NashTech Blog

Apache Beam Data Processing: How to Read JSON From Google Cloud Storage and Write to BigQuery

Table of Contents
Apache Beam Image.

Apache Beam provides a robust framework for processing large amounts of data. In this blog, we’ll demonstrate how to use Apache Beam to read JSON data from Google Cloud Storage (GCS), perform transformations, and write the results to a BigQuery table.

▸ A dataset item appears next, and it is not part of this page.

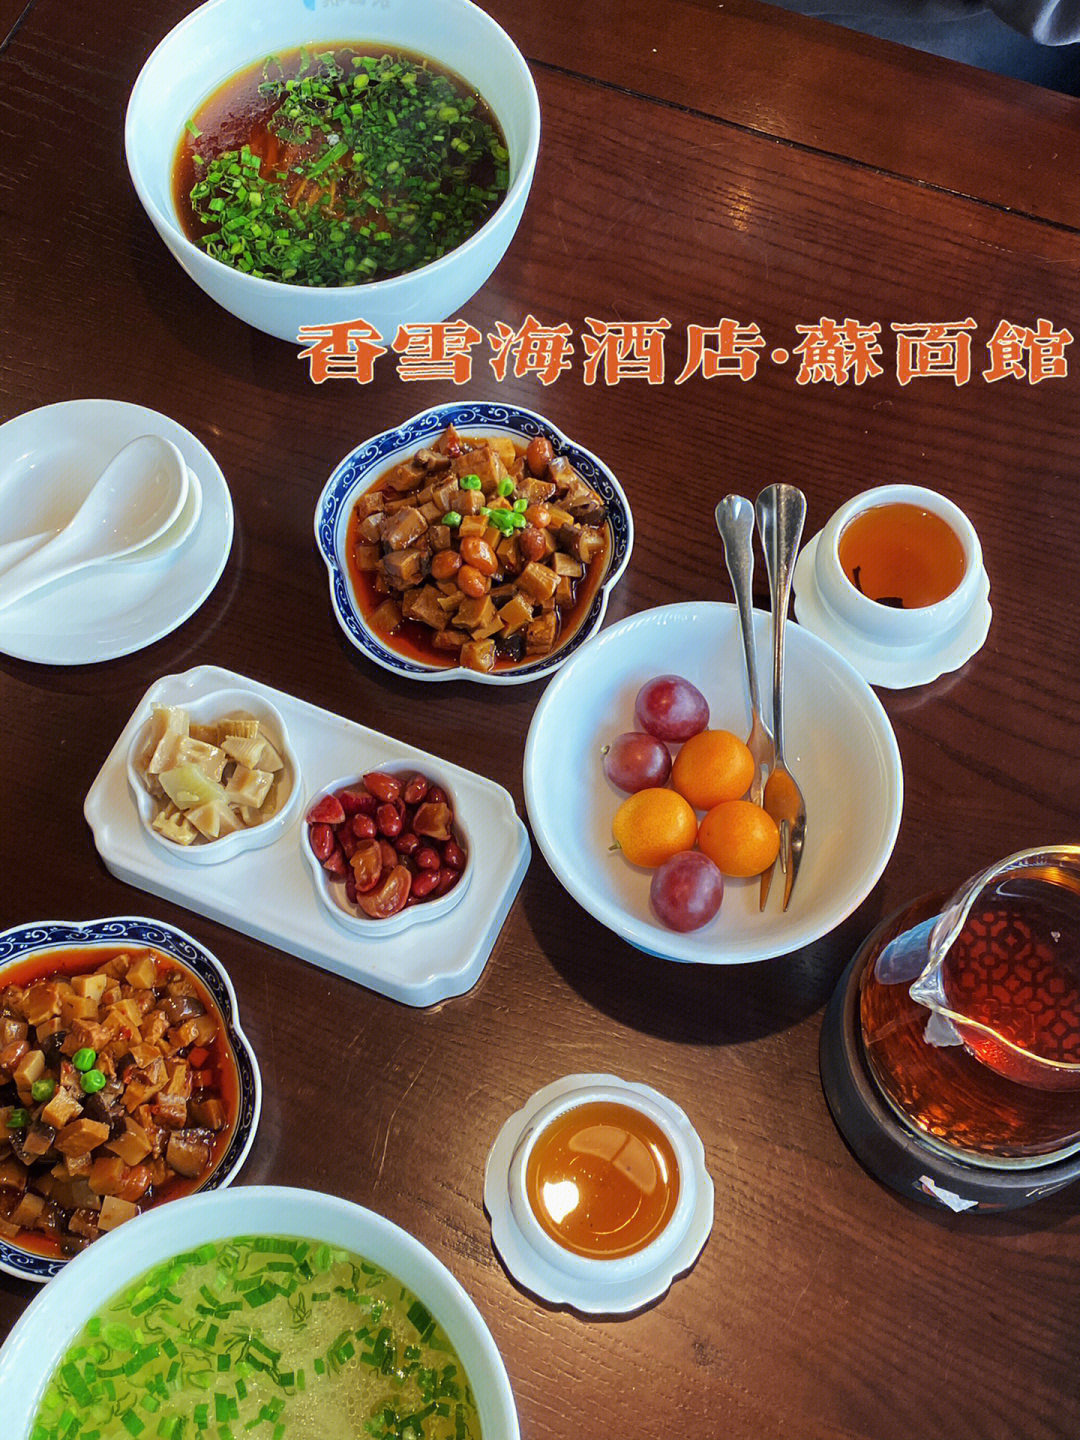 苏州香雪海菜单明细图片

We’ll guide you through setting up your environment, writing the Apache Beam pipeline, and executing the pipeline

Prerequisites

Before you start, ensure you have the following:

  • Maven: For building and managing dependencies.
  • IntelliJ IDEA: An IDE for Java development.
  • Google Cloud SDK: Command-line tools for Google Cloud.
  • Java 8 JDK: Basic knowledge of Java programming.
  • Google Cloud Project: Set up with BigQuery and GCS.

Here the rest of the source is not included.